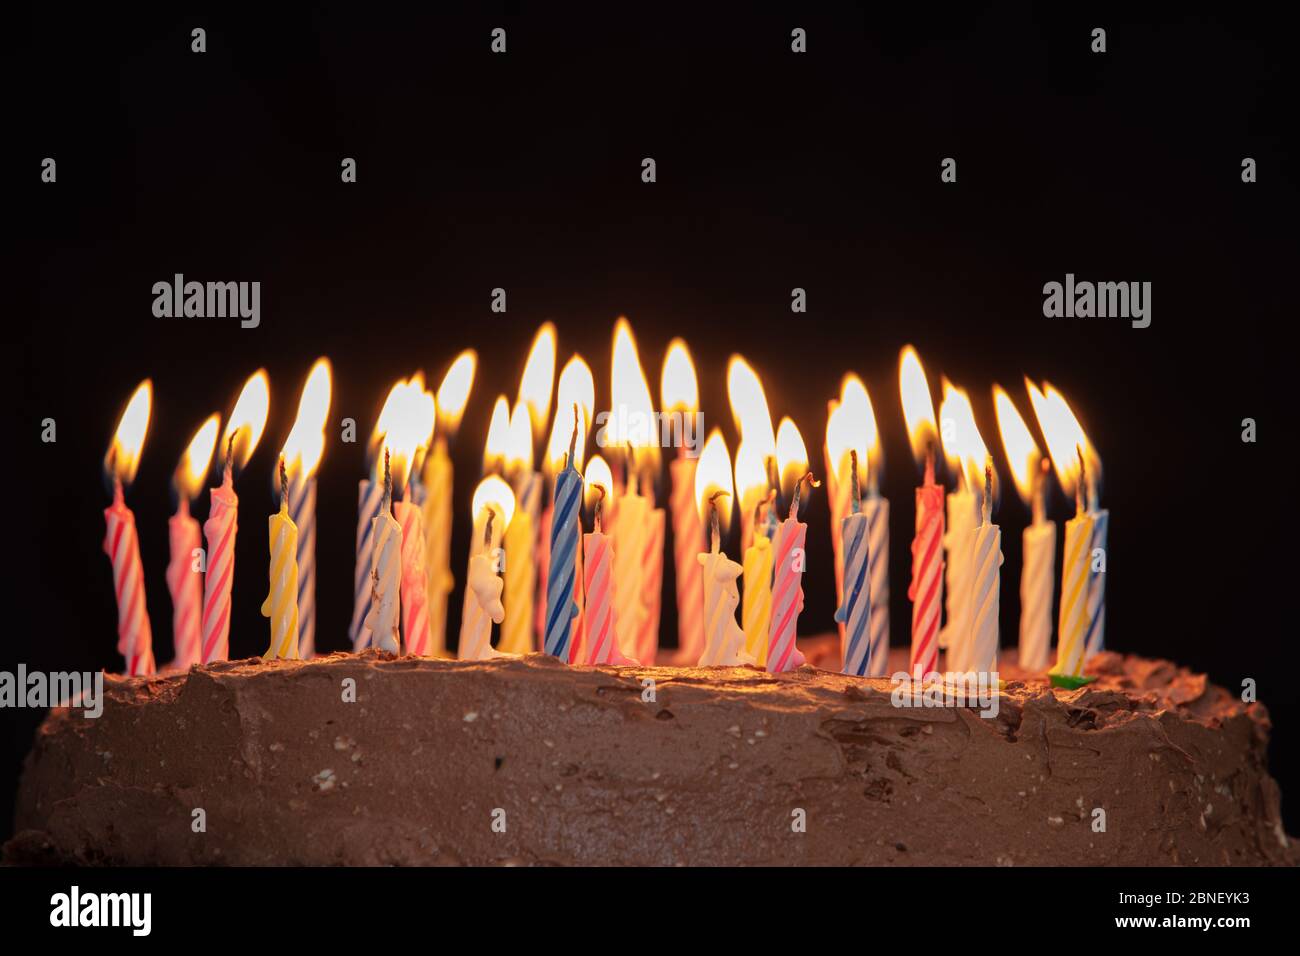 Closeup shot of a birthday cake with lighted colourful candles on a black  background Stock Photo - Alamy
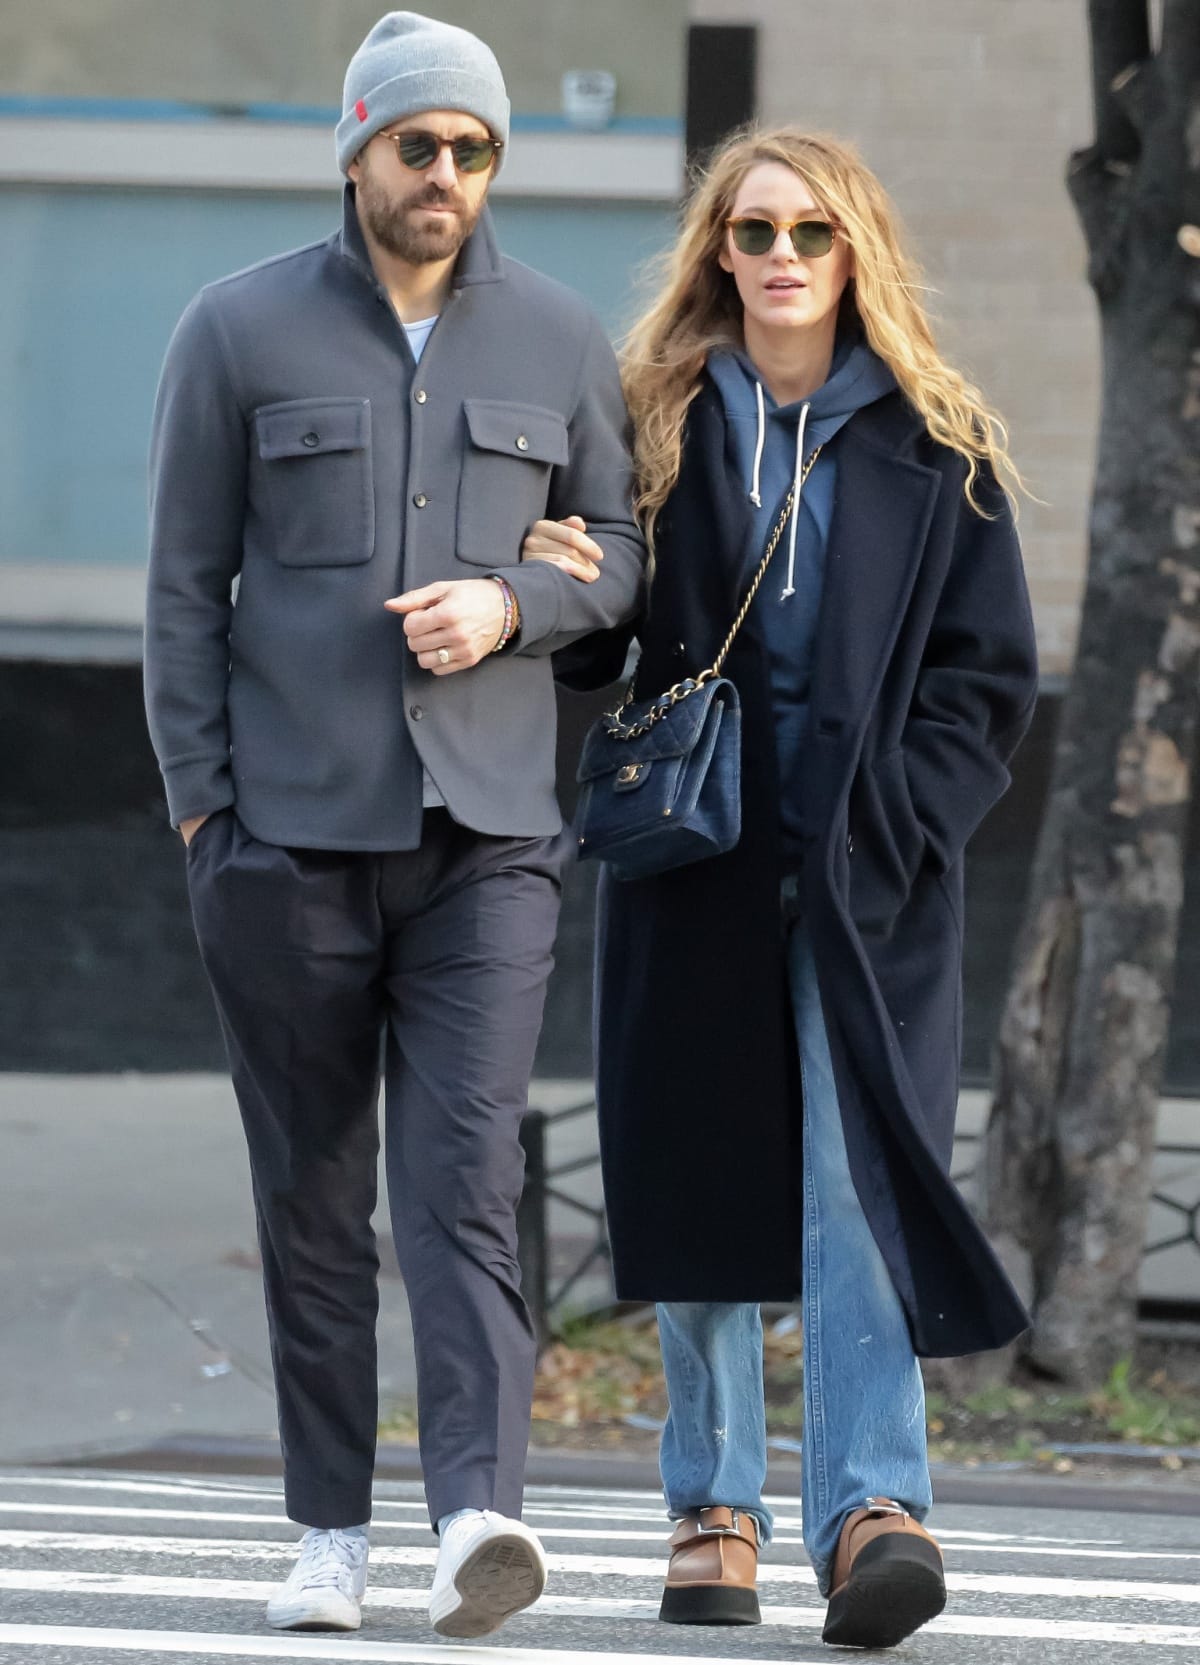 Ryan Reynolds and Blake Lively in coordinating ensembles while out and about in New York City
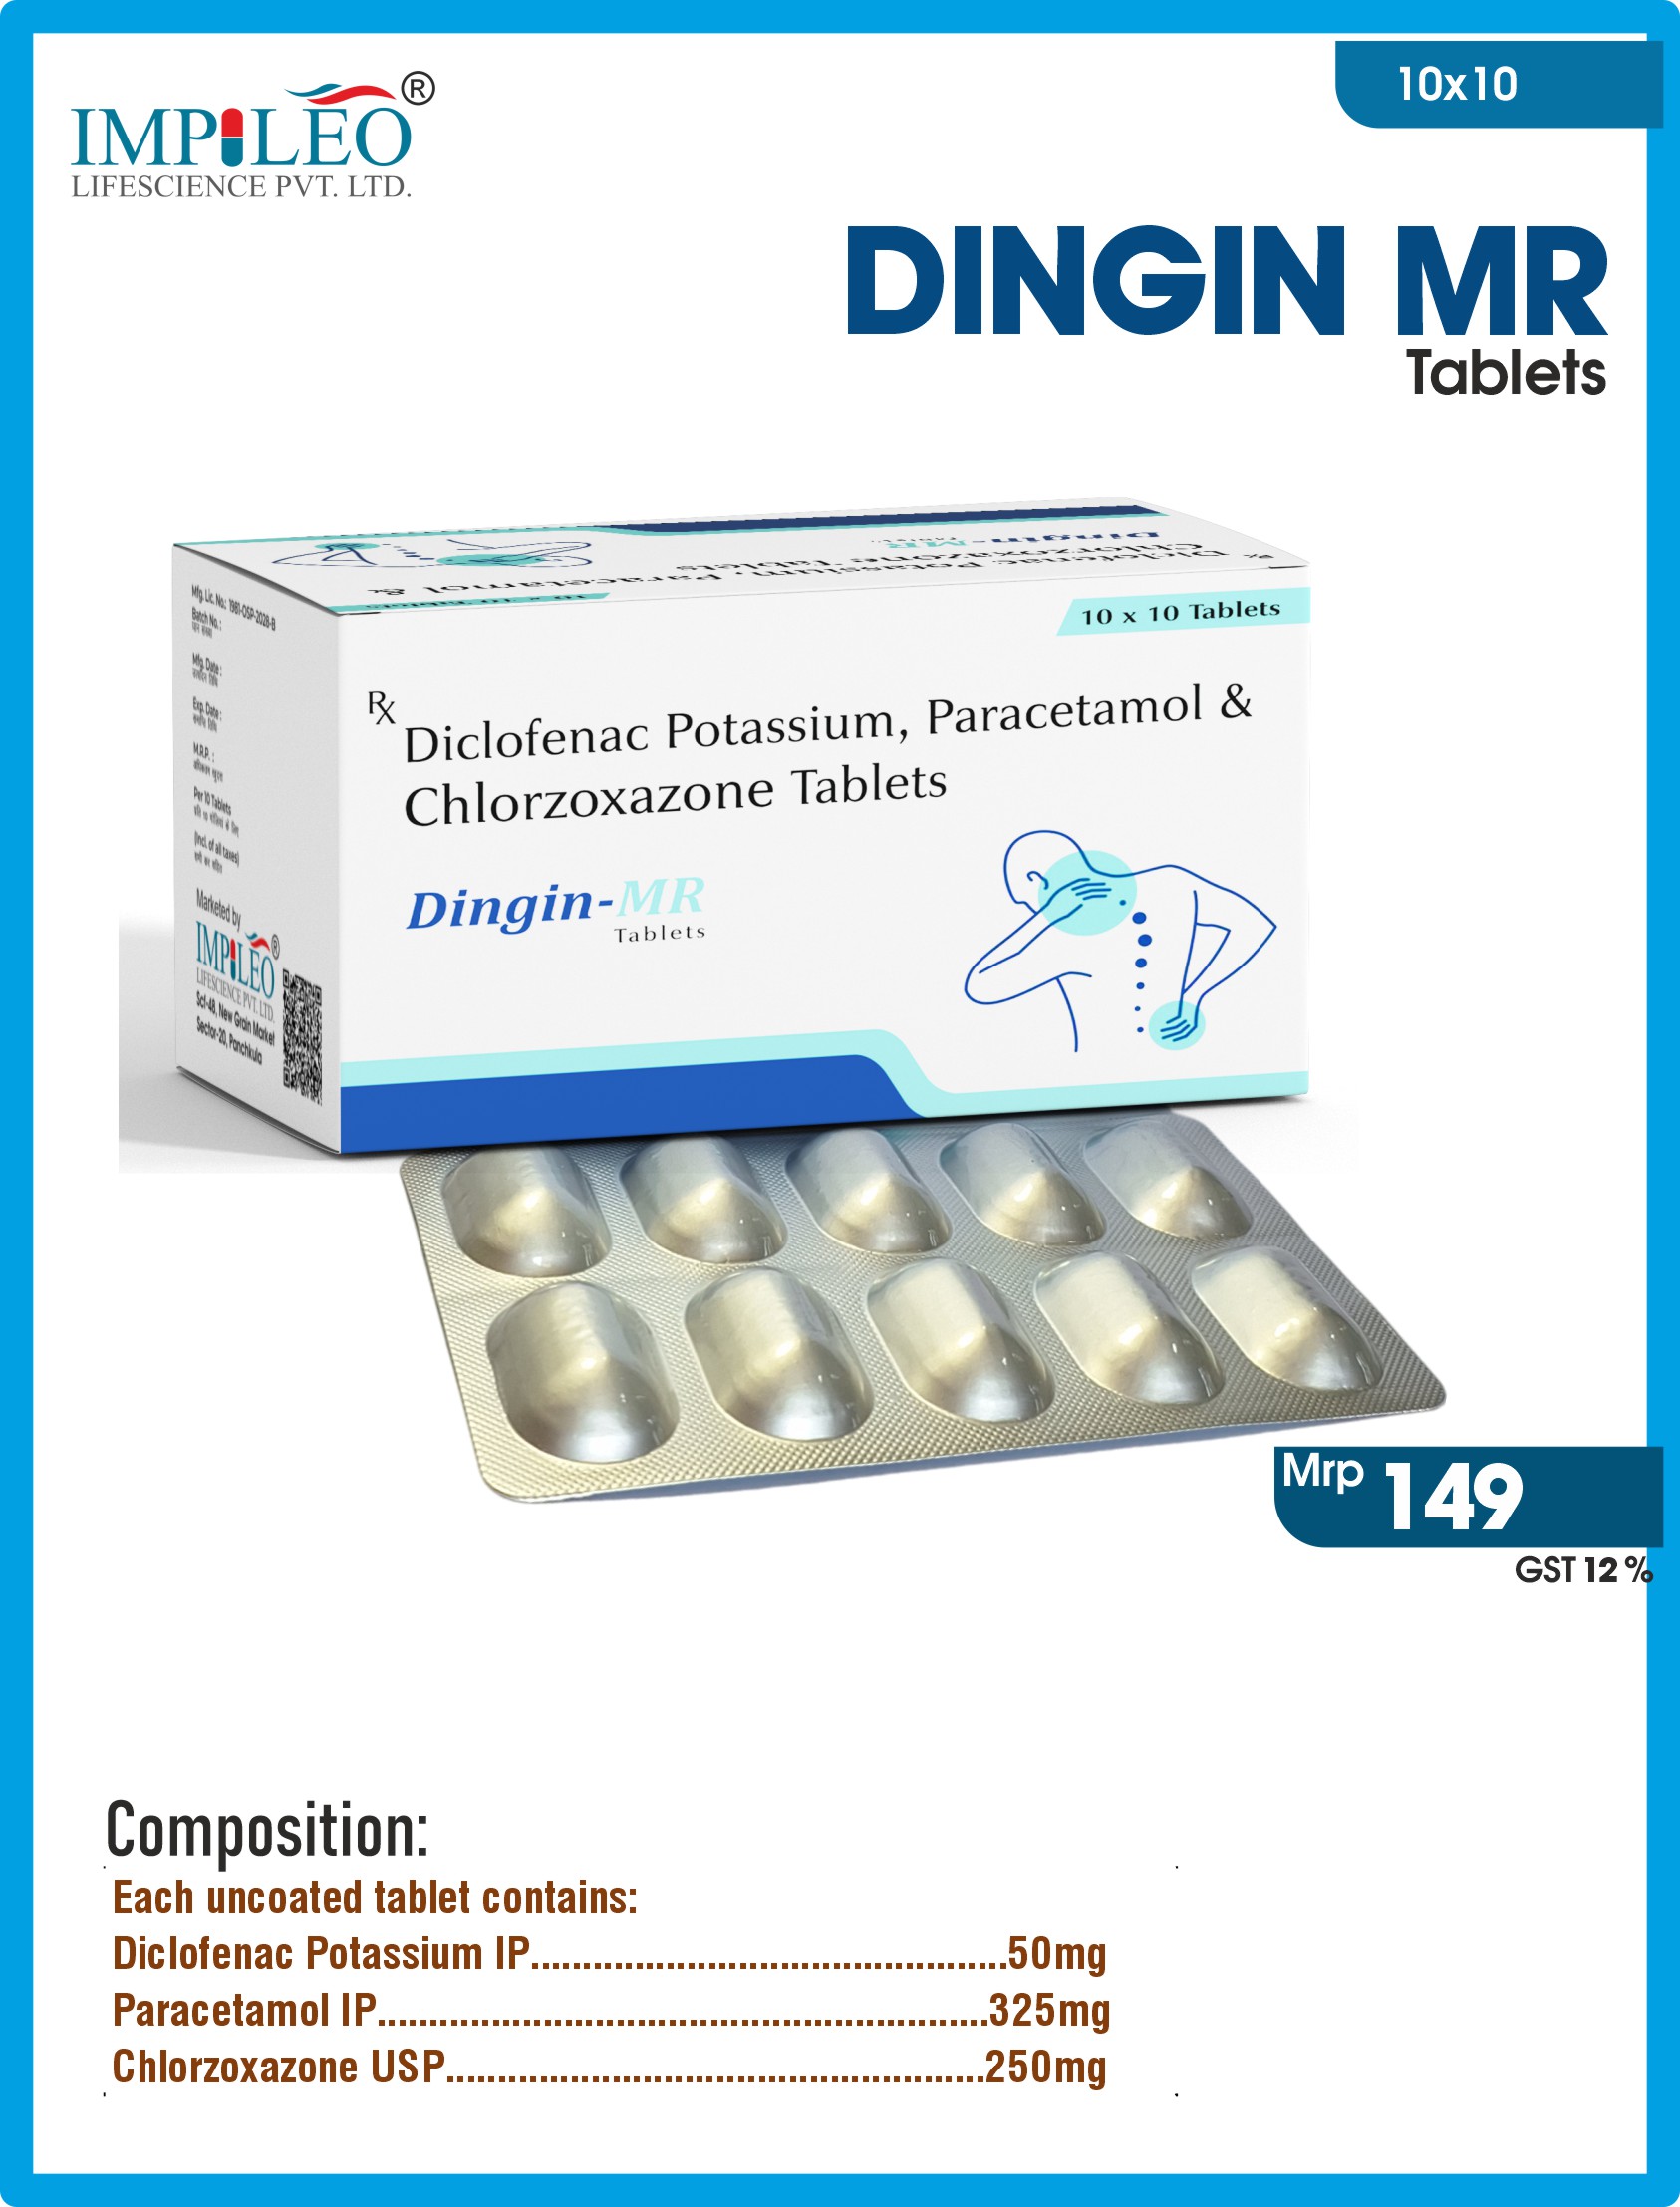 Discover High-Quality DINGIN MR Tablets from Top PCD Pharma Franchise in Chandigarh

+ + + + + + +

**TASK DIRECTIONS:** Print out all the material above exactly as it appears, omitting the images.

**EXERCISE RESULT:**
 Closeup shot of a birthday cake with lighted colourful candles on a black  background Stock Photo - Alamy
 Ryan Reynolds and Blake Lively in coordinating ensembles while out and about in New York City
 Discover High-Quality DINGIN MR Tablets from Top PCD Pharma Franchise in Chandigarh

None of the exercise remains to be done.